IDA Live Analysis Markup
 Cody Pierce (codypierce) <cpierce tippingpoint com> |
Wednesday, November 1 2006 15:07.42 CST |
Often times when reversing a binary I have key elements that I do not know. This is an inherent problem, as anyone knows, with static analysis. Dynamic data elements that are resolved at runtime often hinder progress when understanding a piece of code. So I threw together a quick tagging method so that I can easily resolve this info through live analysis. To do this is two parts, tagging the data you want in IDA, and recording the data from the live process. I utilize IDA Python for part I and the Paimei module "pydbg" for part II...you could always do part I in pure idc if you hate IDA Python for some reason.
Part I:
I utilize the free form comments of an instruction in IDA to stuff my tag.
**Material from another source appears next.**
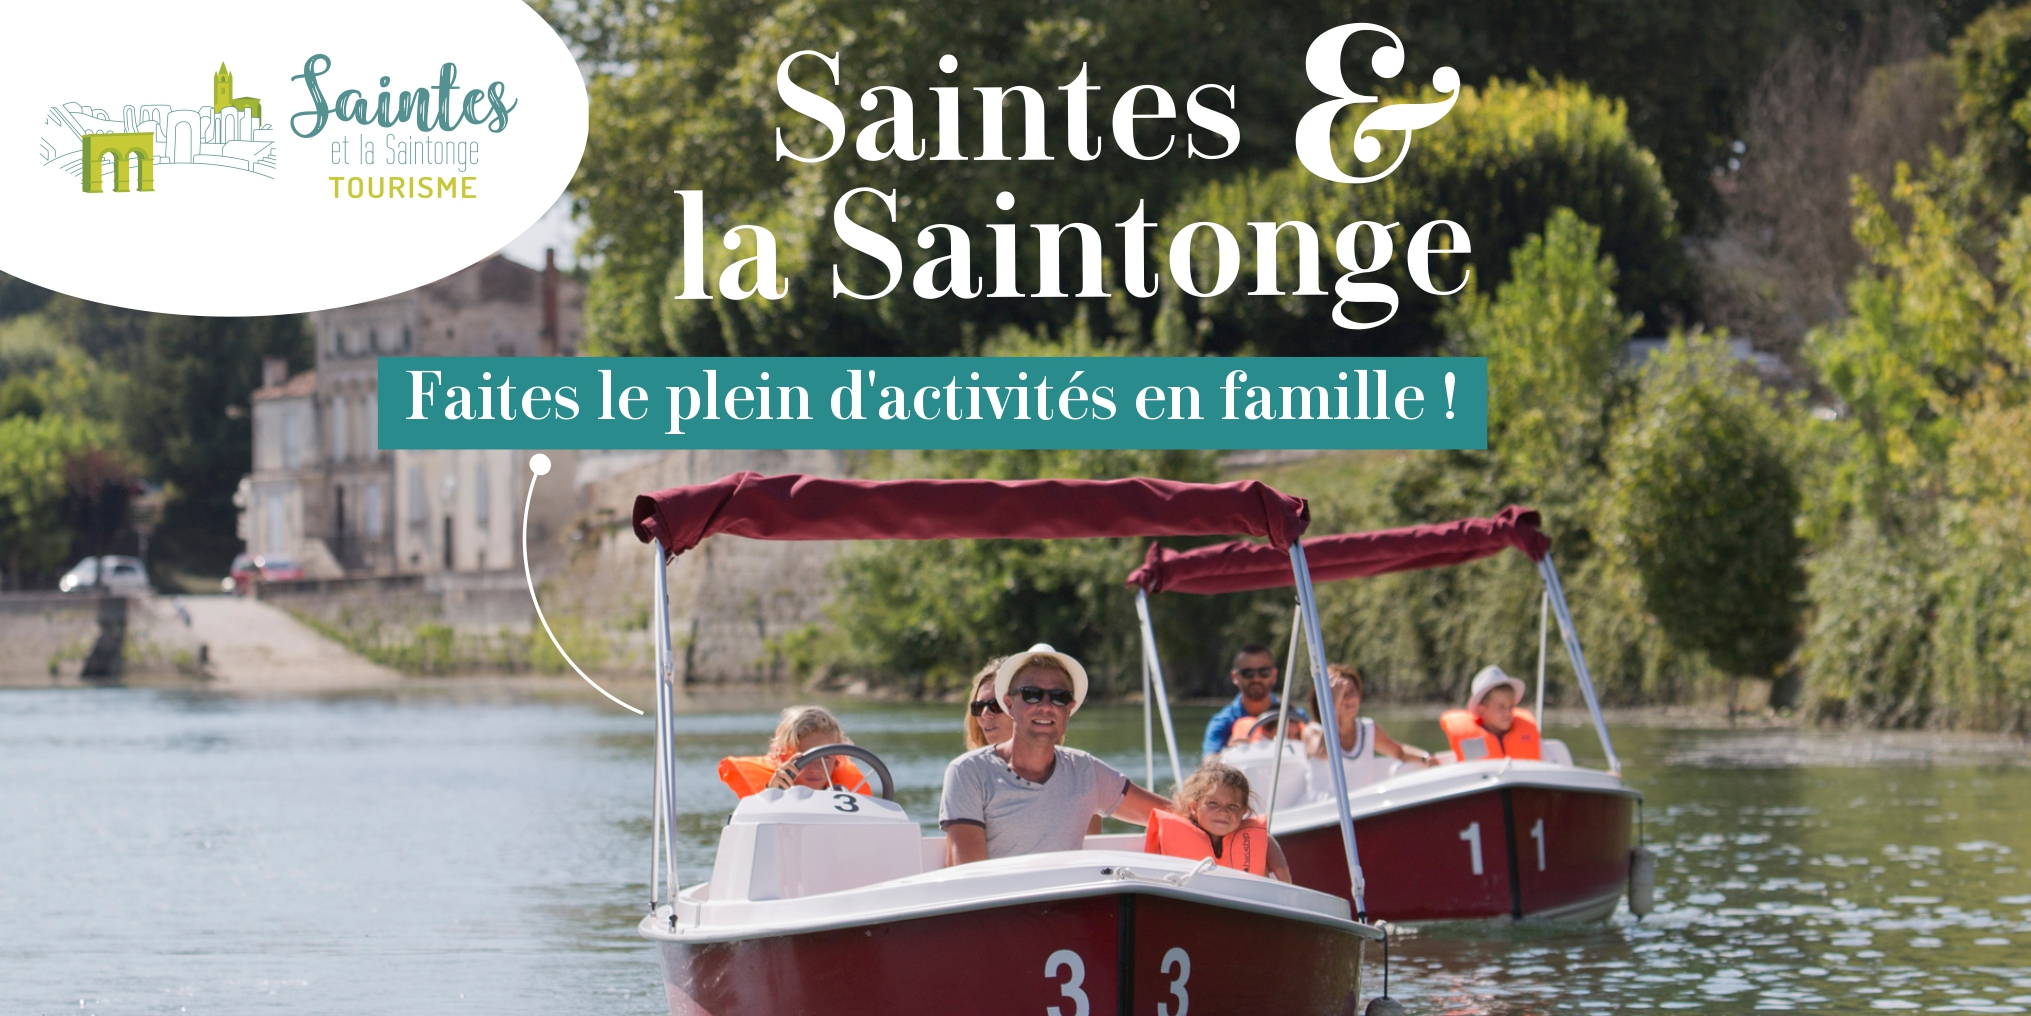 Saintes et la Saintonge : une vraie destination famille !

Each tag begins with "**LA" which stands for live analysis if its not clear :). After that you can pull three types of information by using the "type" and associated "value" seperated by a ':'. The below lists these types, and types can be arbitrarily strung together.
Type Values Comment
---- ------- --------
'O' 0,1,2 Operand: Enumerates the operand specified and retrieves its value
'R' <Register string> Register: Displays the contents of the specified register, accepts dword, word, byte representations
'M' <Memory address> Memory: Dereferences and displays the contents of the memory address as a dword
Here is an example of the tagging in notepad.exe
.text:010073A4 008 call __SEH_prolog ; int
.text:010073A4
.text:010073A9 084 xor ebx, ebx ; **LA R:ebx
.text:010073AB 084 push ebx ; lpModuleName **LA O:0
.text:010073AC 088 mov edi, ds:GetModuleHandleA(x)
.text:010073B2 088 call edi ; GetModuleHandleA(x)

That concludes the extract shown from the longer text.